Но говорит рассудительно, спокойно:
— Такое дело заварили — и бросать бригаду? Твое начинание мы собирались сделать гвоздем слета ударников… Ну что? Что случилось? Любовь, что ли? — пробует он угадать и угадывает.
— Возможно, и любовь…
— Я ждал этого. Девичья бригада. Не впервой. А ты хотела без нее, без любви прожить? И про девчонок думала, что они такие товарищи, что влюбиться в одного парня не смогут? Что ревновать не будут? Картинку представляла? Знай только пиши открытку к Восьмому марта.
— А что вы думаете?
— Черт его знает, Рита… Я, грешным делом, думаю, что все может быть. Ну, как запретишь им любить? Ну, понравился всем один? Что делать?
— Себя оправдываете?
Ясно, откуда у Горева эти разговорчики.
Он усмехнулся:
— А я при чем?
— …Жену у брата отбили? Честно это? У брата! Как вам после этого верить?
Он как-то странно, натянуто улыбается. Мне противно смотреть на него.
— А вы не допускаете, что такое возможно? Отбить? Что значит отбить? Это же не набег половцев. Если женщина ушла к другому — значит, она любит его.
— Подписывайте мое заявление!
— Смешная ты!
— Смешны вы, а не я.
— Понятно, — говорит он. — Мне это даже приятно. Хорошие вы, настоящие юные коммунистки. Право же!
— Не уходите от своей вины.
— Вот ты и судишь меня… — Он смеется, как человек, который плюет на все обвинения. — И за Норкина будешь судить? Не суди. Скоро его не будет. Ищу замену. Вот если бы ты пошла, тогда другой бы разговор.
— Не задабривайте. Я не пойду. Можете назначить Сергея Молокова.
— Не пойдешь — не надо. О Молокове подумаю. А я-то считал, ты, такая молодая, живешь ожиданиями, хочешь идти вперед. Раньше говорили, человек первую половину жизни живет надеждами совершить что-то большое. Время ожиданий! А потом… потом живет воспоминаниями…
— Неверно это! Что значит воспоминаниями? Выходит, самая сознательная жизнь у него — в прошлом? Не может быть так.
— Я сказал: раньше говорили. Я тоже думаю, что во вторую половину у него сливается то и другое. Например, у меня. Ожидания не прошли, зато уже есть и воспоминания. Но у тебя — все еще в ожиданиях… Разве не так?

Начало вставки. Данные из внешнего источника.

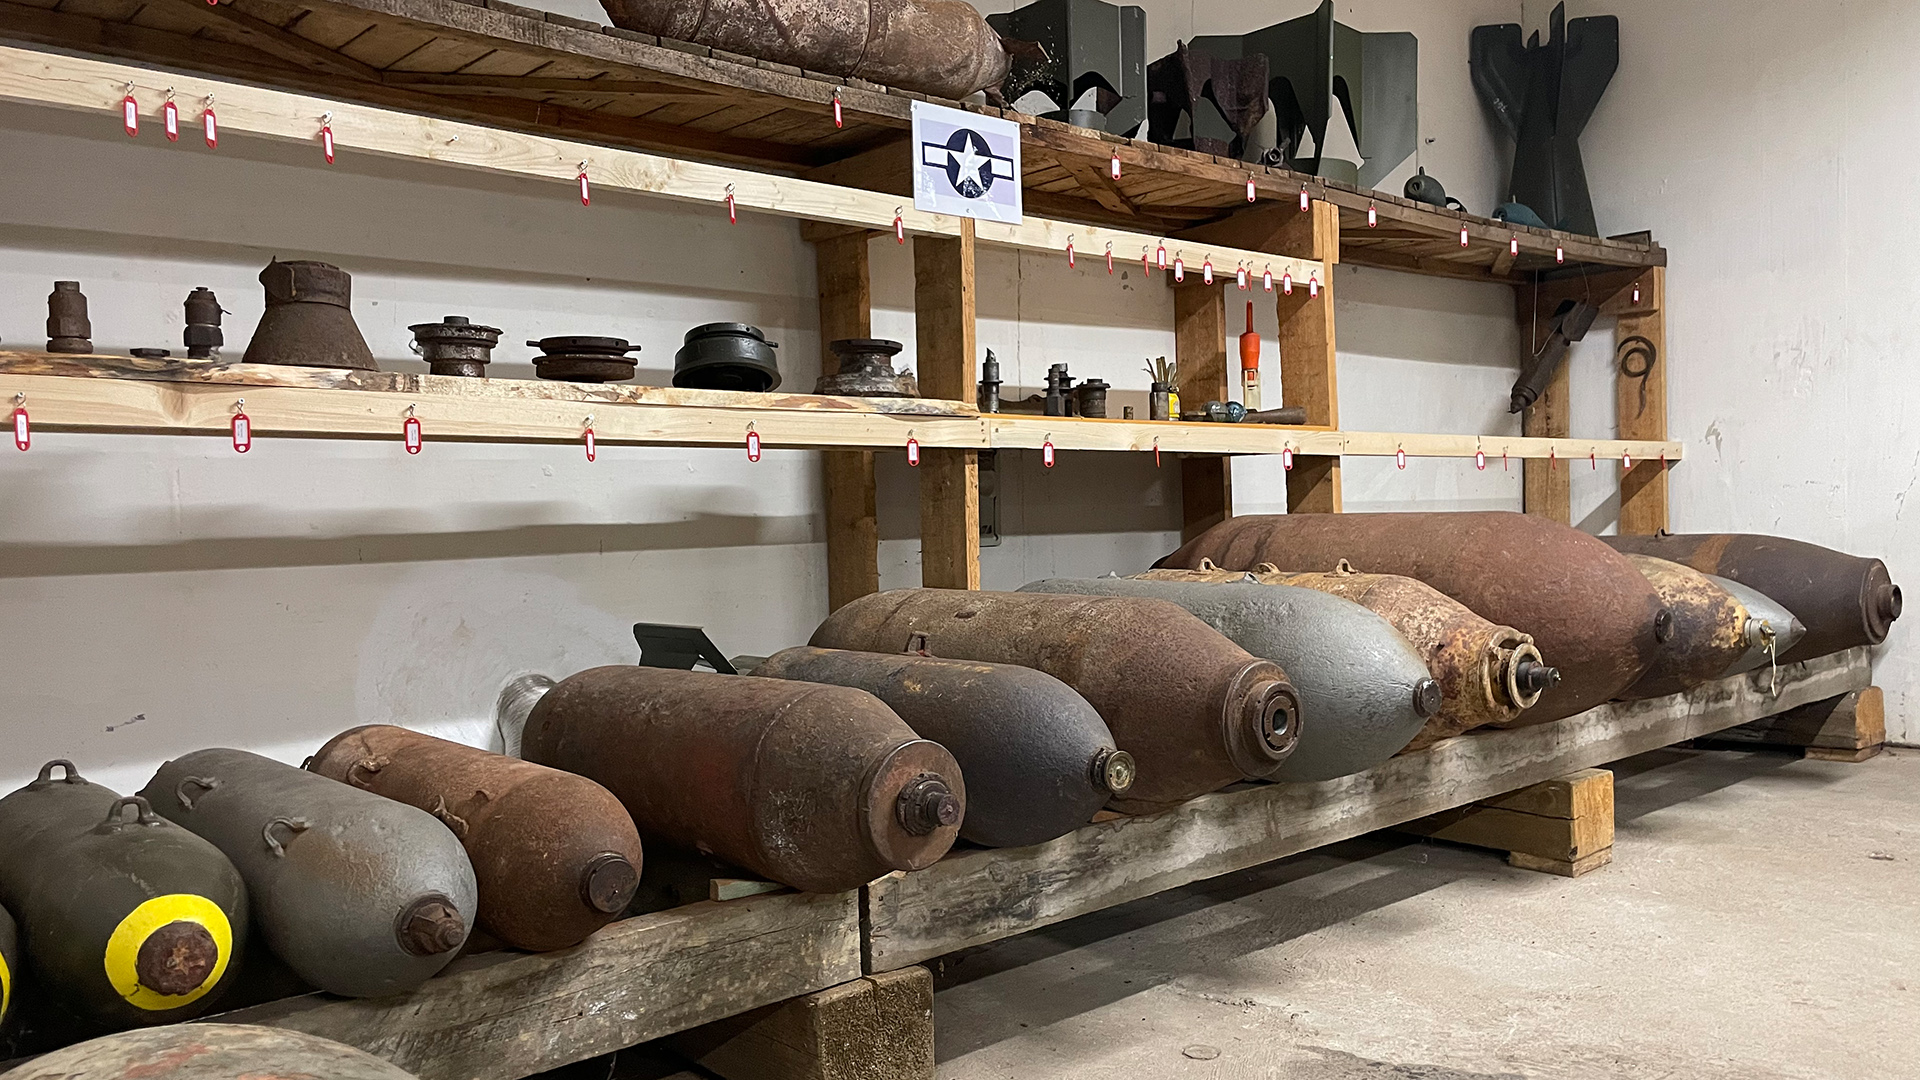 Alte Sprengkörper liegen in einem Regal der Sprengschule | Sven Knobloch

«А Сергей — уже не ожидание. Это — первое мое воспоминание, — думаю я с болью, — первое и горькое».
Но говорю:
— Не так.
— А как? Давай уж откровеннее.
Но я ничего ему не говорю. Просто я еще мало что знаю про себя. Вместо ответа спрашиваю — мне это надо обязательно выяснить, пусть он думает что угодно:
— Ну вот вы коммунист. Допустим, и лучший товарищ ваш коммунист. А вы полюбили одну. А она любит не вас, а его. И он, чтобы остаться перед вами чистым, отказывается от нее. Правильно он делает? Вы его одобряете?
— Не одобряю. Он просто дурак. Всех троих сделал несчастными… А то, глядишь, все-таки двое были бы счастливы. Теперь — ни одного.

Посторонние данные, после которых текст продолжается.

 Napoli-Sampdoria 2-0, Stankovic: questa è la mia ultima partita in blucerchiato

— Это вы опять себя оправдываете?
Он сердится:
— Рита, какого дьявола тебе надо от меня?
Я молчу. Мне опять больно за него и за себя, будто меня обманули самым бессовестным образом. Мне все уже было понятно. Зачем я его спросила еще раз? Все же было ясно раньше…
Он несколько смягчается и говорит:
— Так больно, когда напоминают о брате…
«Еще бы!» — думаю я жестоко.
— Был он самый младший из нас. Женился всех раньше. Я финскую воевал, замполитрука был. Домой намеревался, а тут война. Так и не успел жениться. У братишки уже трое пацанов росли, когда его призвали на фронт. Не вернулся он. Под Варшавой похоронили. На Сандомирском плацдарме.
Голос его тихий-тихий, потом как бы угас.
Мы идем молча. В сквере трещат от мороза деревья, будто стреляет кто-то.
— Так что отбивать Валюшу было не у кого…
Он опять молчит, наверно, что-то вспоминает…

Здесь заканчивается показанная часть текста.